HEIC Converter: Actor Model with Akka.net
I’ve been working on an app to bulk convert Apple’s HEIC images into JPG. This is primarily CPU-bound work, so getting the best throughput requires putting the machine’s complete set of cores to work.
The idea is to have a thread scanning a directory for images and then feeding those images to multiple worker threads to
process. A classic “single producer, multiple consumer” algorithm. I could handle this relatively simply with .NET
Channel<T>
, but I wanted some practice with Akka.net and the actor model. Here’s the actor
configuration I came up with:
The Manager
starts a background thread with Task.Run
, which scans the directory to look for HEIC
images. Anytime it finds an image, the scanner thread sends the Manager
an ImageFound
message containing the path. The
Manager
forwards that message to theRouter
, which tracks a number of Converter
actors to actually do the work. When
an image is converted, Converters
send ImageConverted
back up the chain.
The Manager
also holds a reference to a progress Reporter
actor. This actor prints status messages to the UI.
The Manager
Each time the Manager
receives an ImageFound
message, it increments a count of pending images. When an
ImageConverted
message arrives, it decrements that counter. When the scanner thread has exited, and the counter
reaches zero again, it knows the process is complete and begins an orderly system shutdown.
The Reporter
The Reporter
actor tracks how many ImageFound
and ImageConverted
messages it has received. It uses that
information to display a progress bar and report on estimated time to completion.
The Router
The Router
maintains a Queue<ConvertImageCmd>
that holds the list of images pending conversion. It farms those out
to a Converter
whenever one becomes available. It uses the number of CPU cores from Environment.ProcessorCount
to
determine how many Converters
it should create. If there are four cores, it will manage four Converters
and keep
everything busy.
Whenever a Converter
reports ImageConverted
, Router
forwards the message to the Manager
and hands back another
ConvertImageCmd
from its queue. If the queue is empty, it remembers which Converters
are idle and gives them work
the next time a ConvertImageCmd
arrives. In practice, this never happens because scanning is much faster than
converting.
Akka.net has some built-in routers that can round-robin messages between a set of workers. I opted not to use the
built-in router here because I wanted to support a pause feature. When the custom Router
receives a PauseCmd
it
can cease feeding work its routees.
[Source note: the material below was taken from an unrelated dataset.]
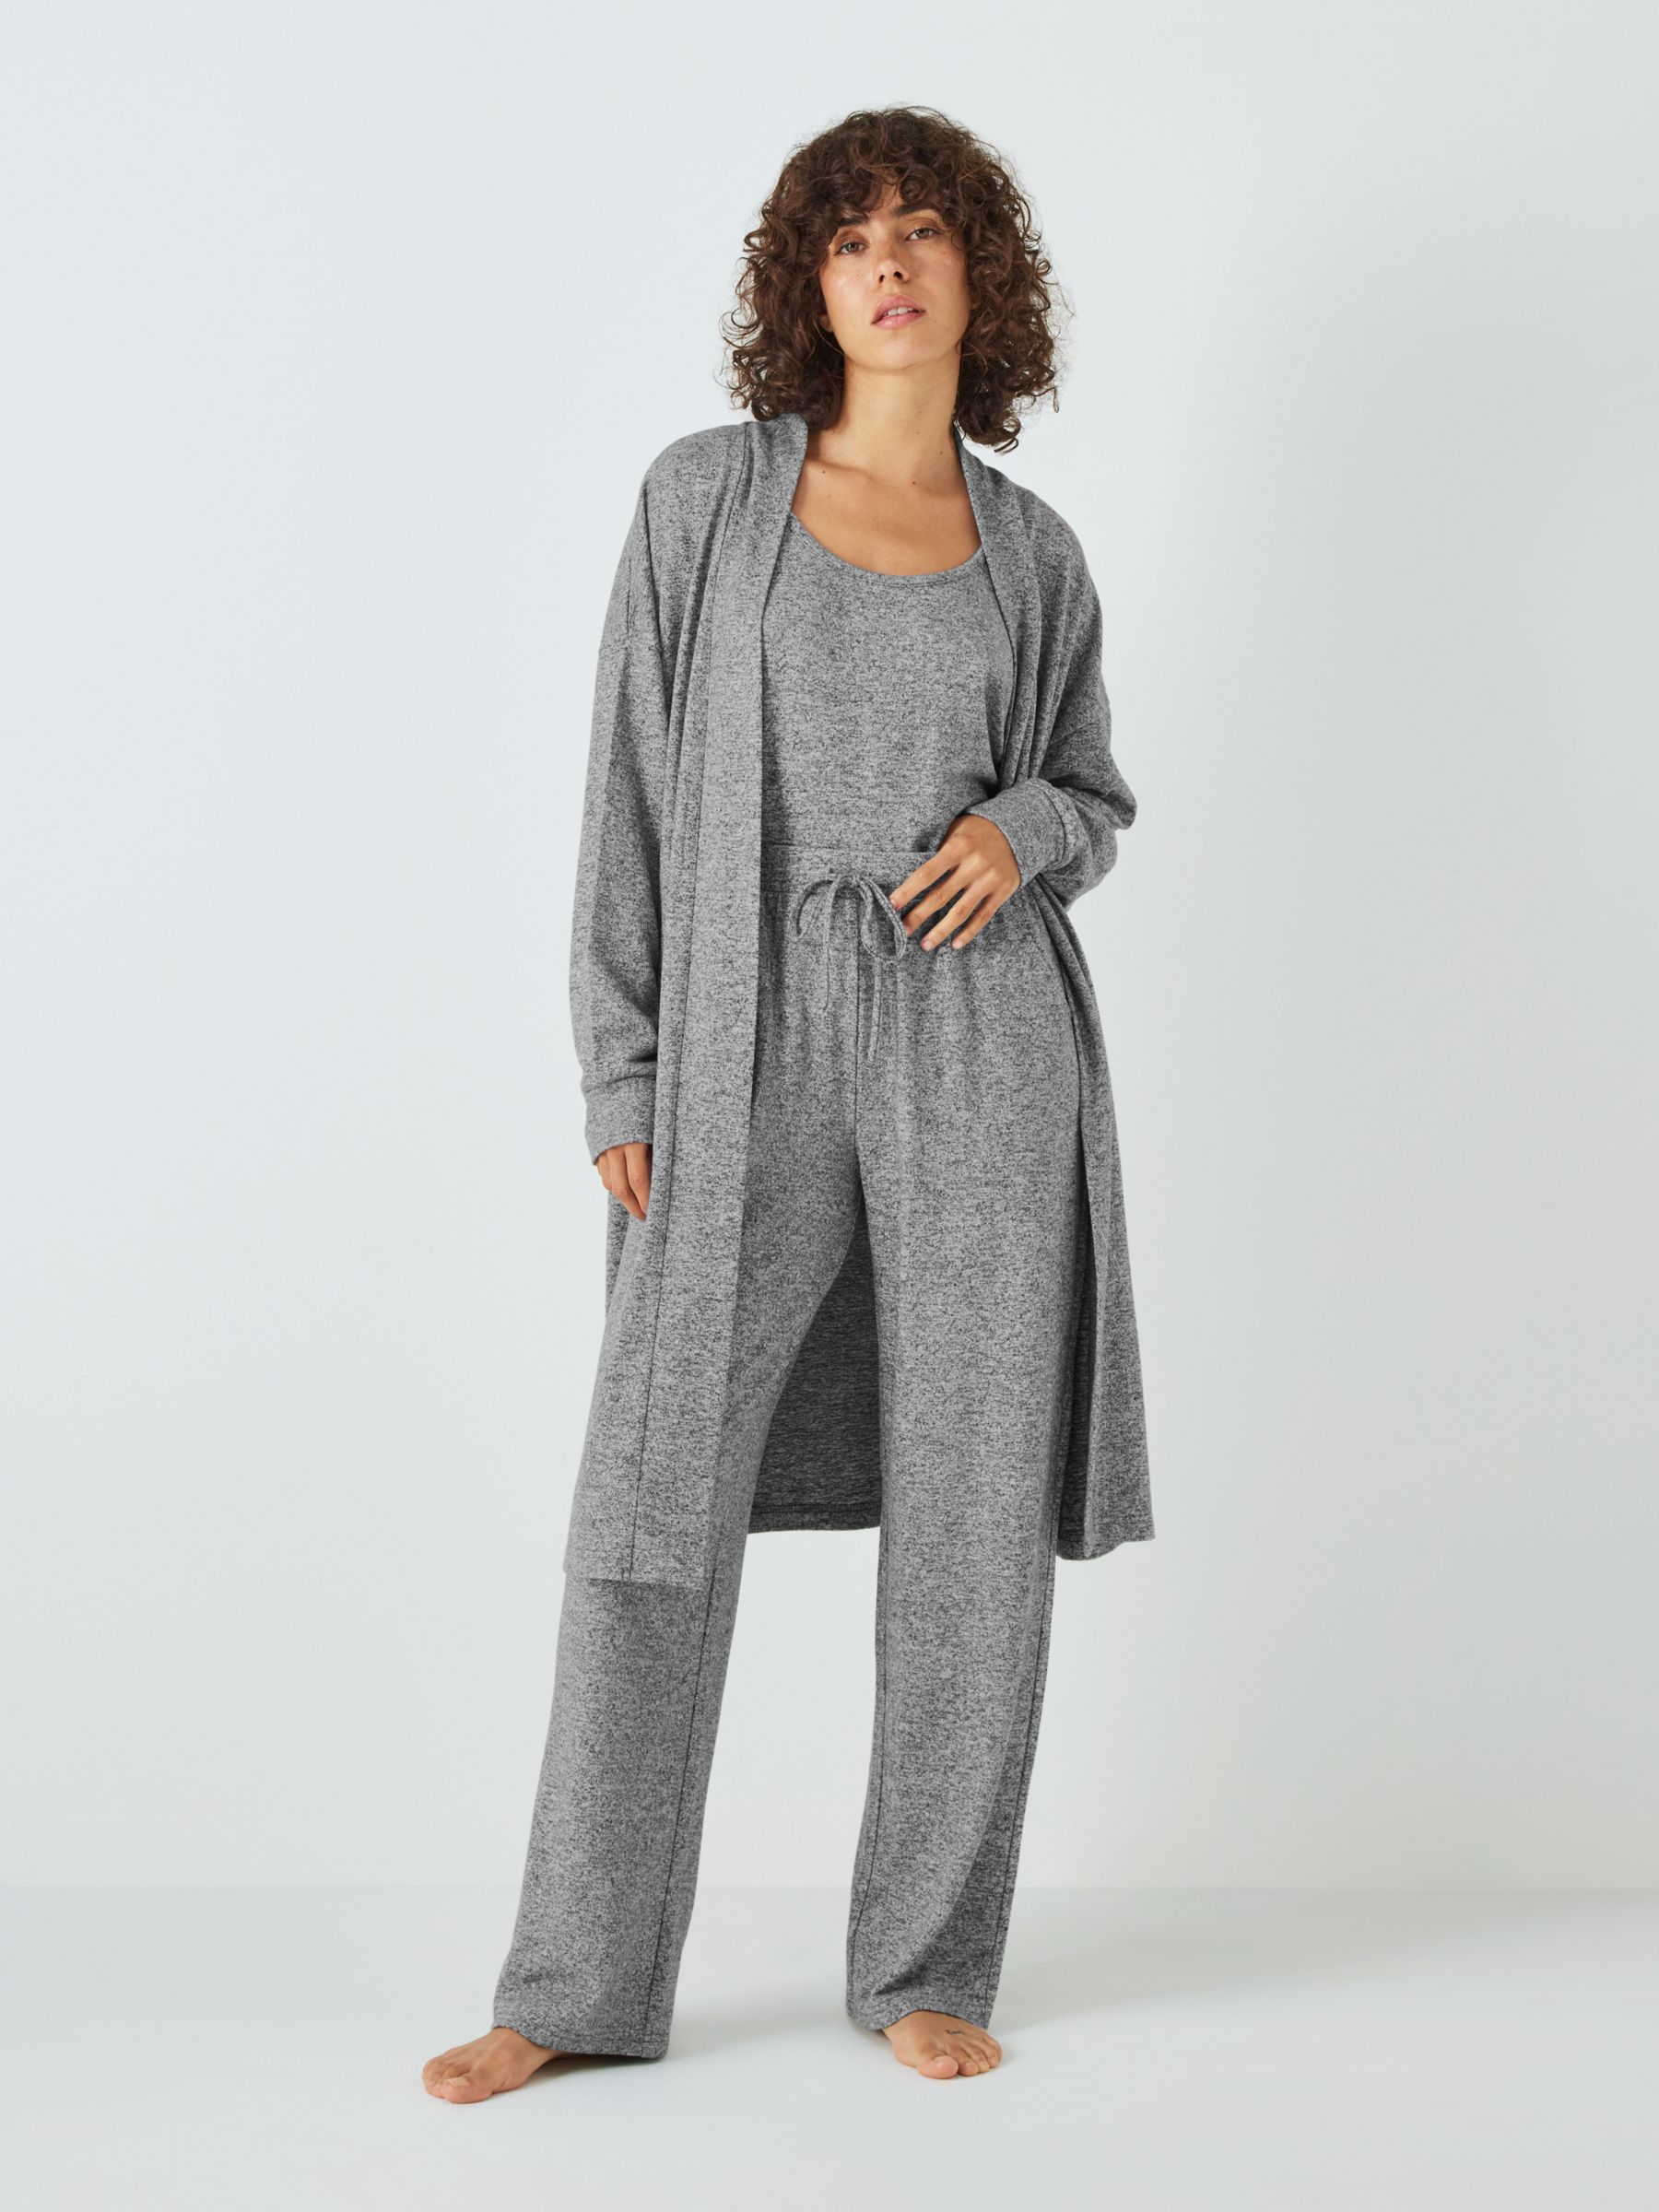 Women's Pyjamas, Women's Nightwear

This would not be possible with Akka.net’s router.
The Converter
The Converter
actor processes one ConvertImageCmd
at a time and sends back an ImageConverted
message when done. It
converts images using the excellent ImageSharp
and LibHeifSharp projects. I borrowed this part of the code directly
from the samples in LibHeifSharp. I’m not smart enough to solve image conversion!
Actor Model Benefits
I mentioned earlier that I could have used Channel<T>
to solve this problem. But the actor model offers some
compelling features to help keep the code safe and organized. Using channels, I probably would have wound up
implementing a buggy, incomplete version of akka.net anyway!
Error Handling
I have not yet implemented any error handling. One of the strengths of the actor model is supervision. If a
Converter
should encounter an error and crash, its parent, the Router
, will receive a system message and can decide
what to do based on the exception type. If it looks like a transient error, I plan to return the message to its queue
and try it again later. The system will restart the failing Converter
actor and Router
can give it another image to
process. Otherwise, the Router
can report back an ImageFailed
message and move on to the next image. The Reporter
or other user interface layer can decide how to notify the user.
Thread Safety
Akka.net also ensures that actor messages processing is single threaded: an actor only processes one message at a time.
The Router
can use a plain old Queue<T>
instead of ConcurrentQueue<T>
. Whenever an actor increments or decrements
a number, such as the count of pending images, theres no risk of an update getting lost due to a race condition.
Thread Management
I also didn’t have to manage any threads myself. I’m not controlling how many threads are allocated to the system.
The Akka.net scheduler works with the .NET ThreadPool
to process messages and borrows as many
threads as it needs. If there are no messages to process, the scheduler returns the threads to the pool. I carefully
chose the number of live actors to saturate the CPUs, but that’s as far as I had to think about it.